SAO PAULO, May 27 (Reuters) - A community leader in Brazil's Amazon region was shot dead on Friday, heightening tensions in a region where conflicts over land and natural resources has intensified.

Adelino Ramos, the president of the Amazon small farmers association, was shot dead in front of his family on Friday morning in the northern state of Rondonia, according to a statement from Brazil's Secretariat for Human Rights.

It was not immediately clear who shot Ramos, known as Dinho. He had, however, warned of death threats against him by loggers, according to the statement, which cited other local community leaders.

Ramos was a survivor of a 1995 massacre in which 13 people were killed.

His death came two days after the killing of rubber tapper and leading forest conservationist Joao Claudio Ribeiro da Silva and his wife, Maria do Espirito Santo, in the state of Para. [ID:nN24262512]

Brazil's President Dilma Rousseff has ordered a federal police investigation into those murders.

Dozens of people are killed each year in land disputes in Brazil, many in the sprawling and sparsely policed Amazon region.

There have been 71 murders in Rondonia tied to land disputes since 2001. Only a small number of the perpetrators were jailed, according to the Secretariat for Human Rights.
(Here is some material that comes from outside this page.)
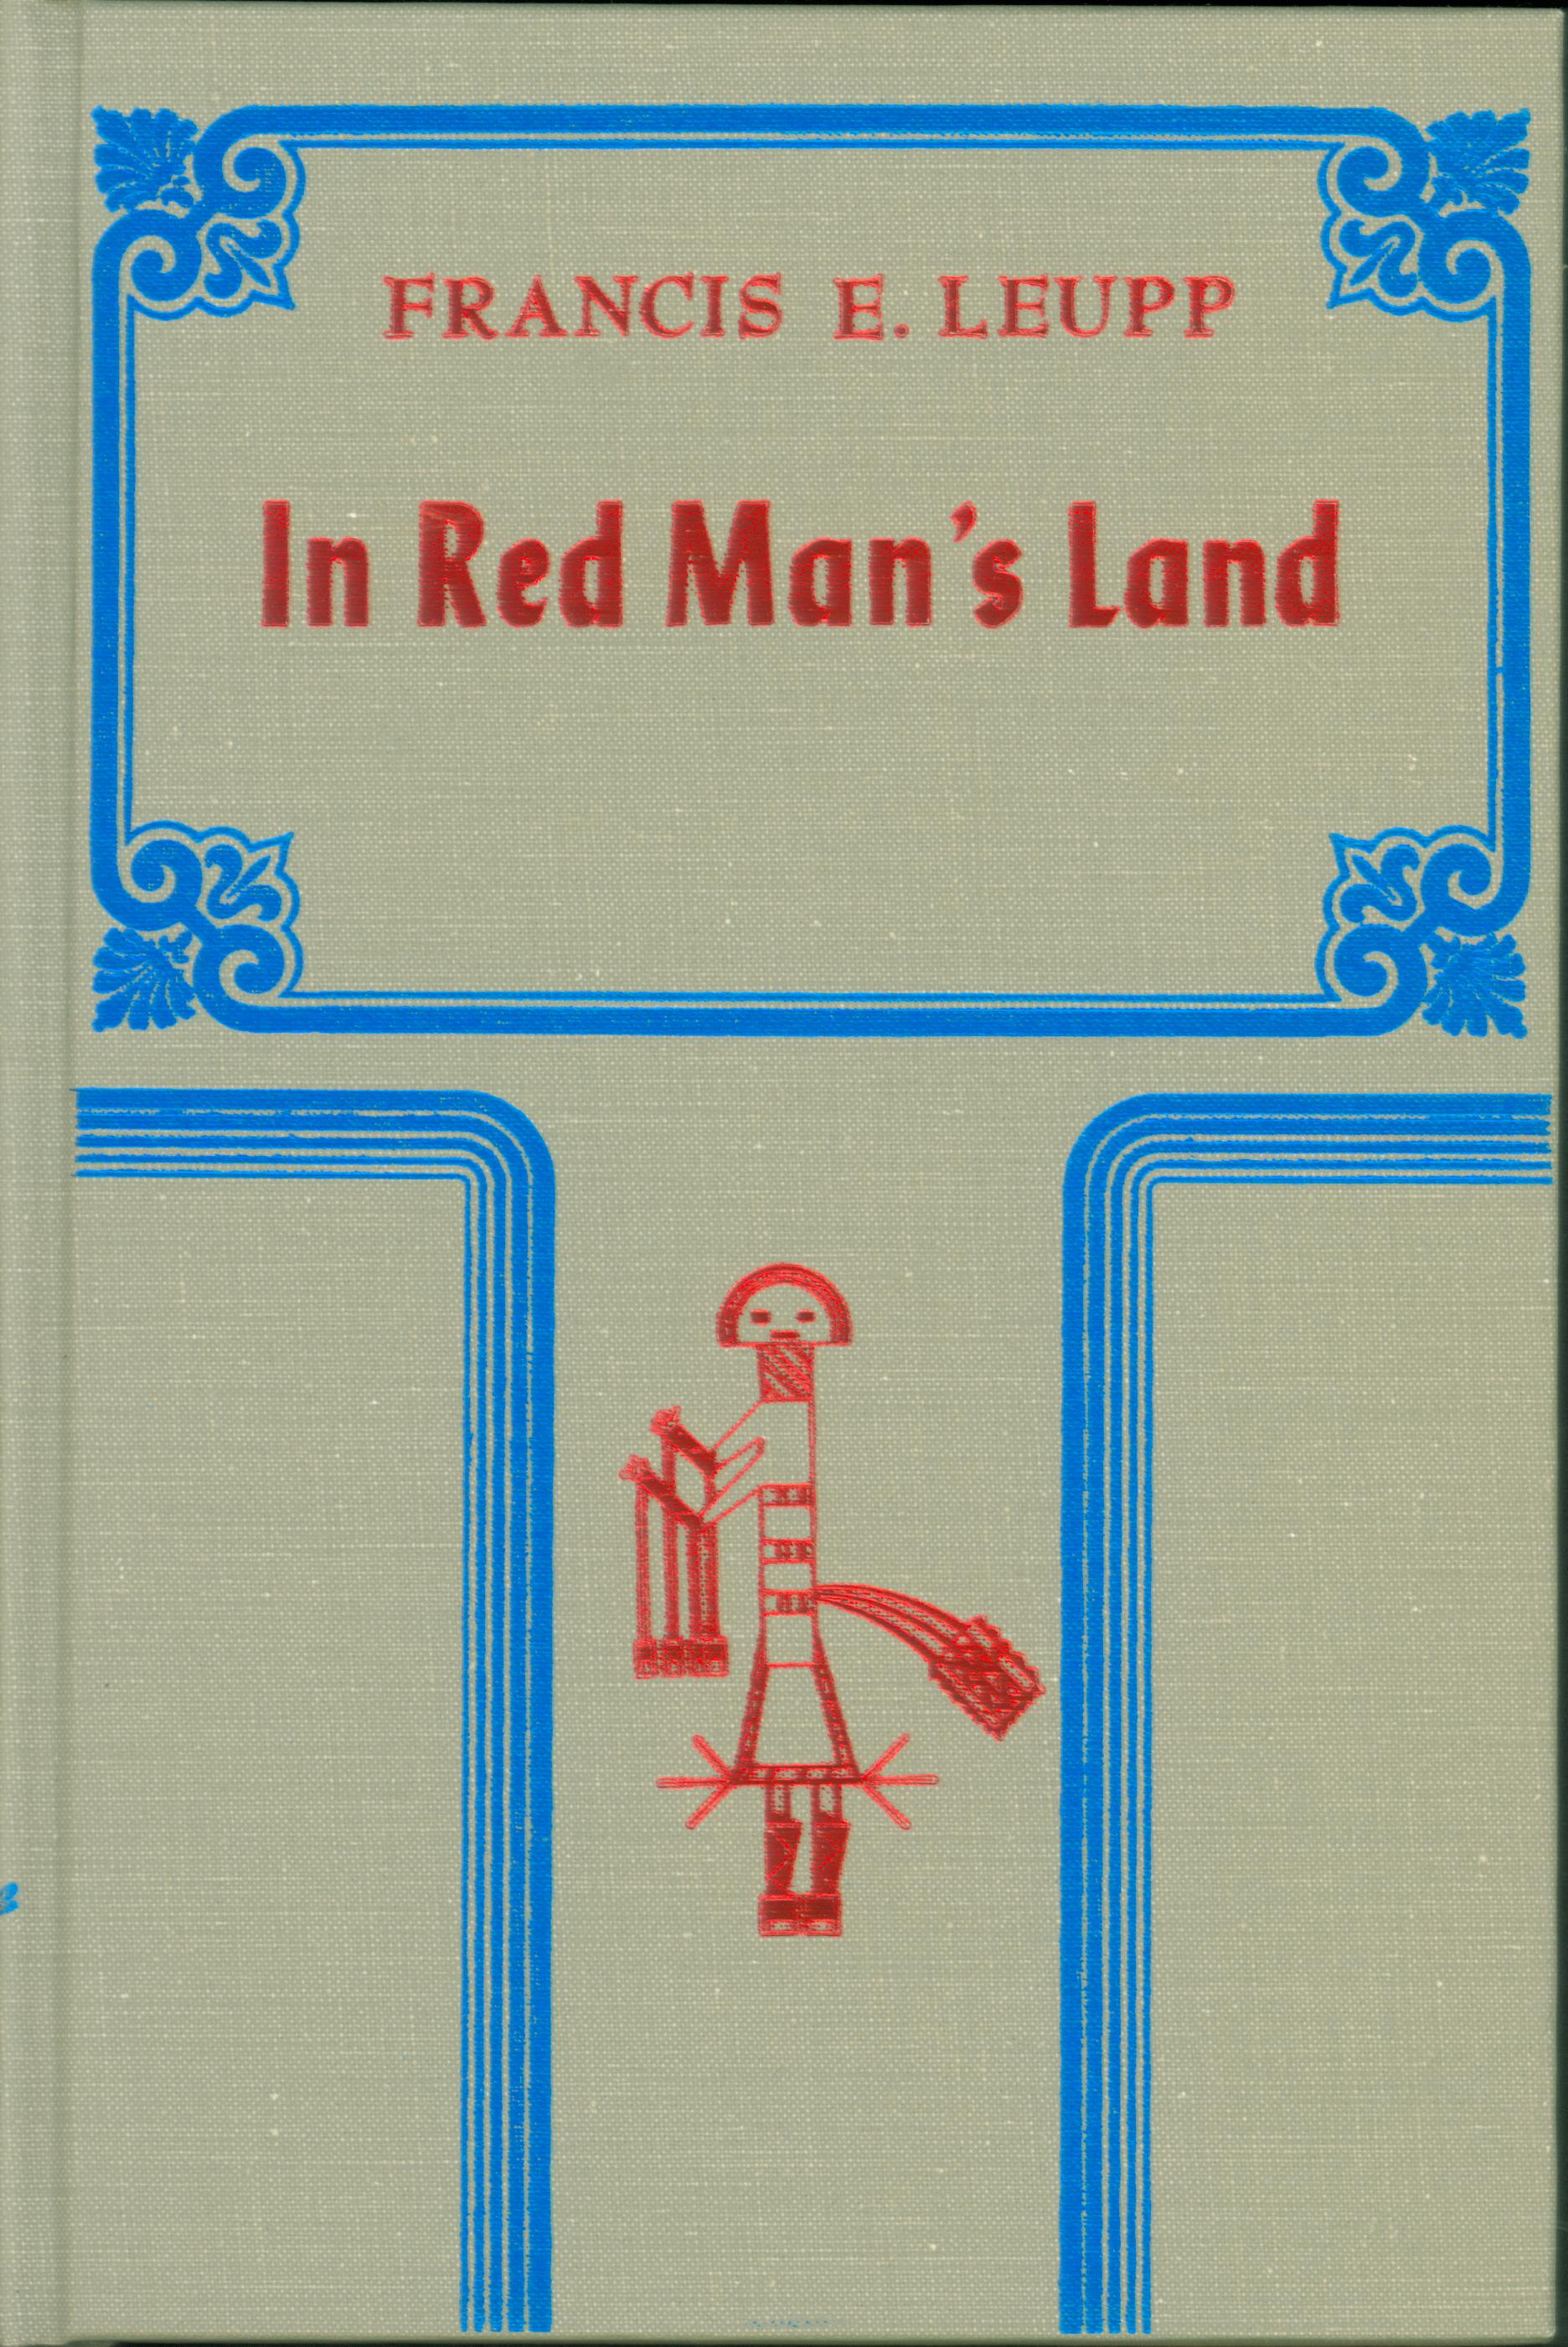 IN RED MAN'S LAND; a study of the American Indian.

The murders come just days after an overhaul of the law on land usage was passed by Brazil's lower house of Congress. Critics say it represents a surrender to farming interests and would set back recent progress in protecting the Amazon. [ID:nN24103553]

Last week, officials reported a sharp rise in deforestation that environmentalists said was likely fueled by expectations that a new law providing amnesty to many of those responsible for illegal tree-felling in recent decades would pass. [ID:nN18255448].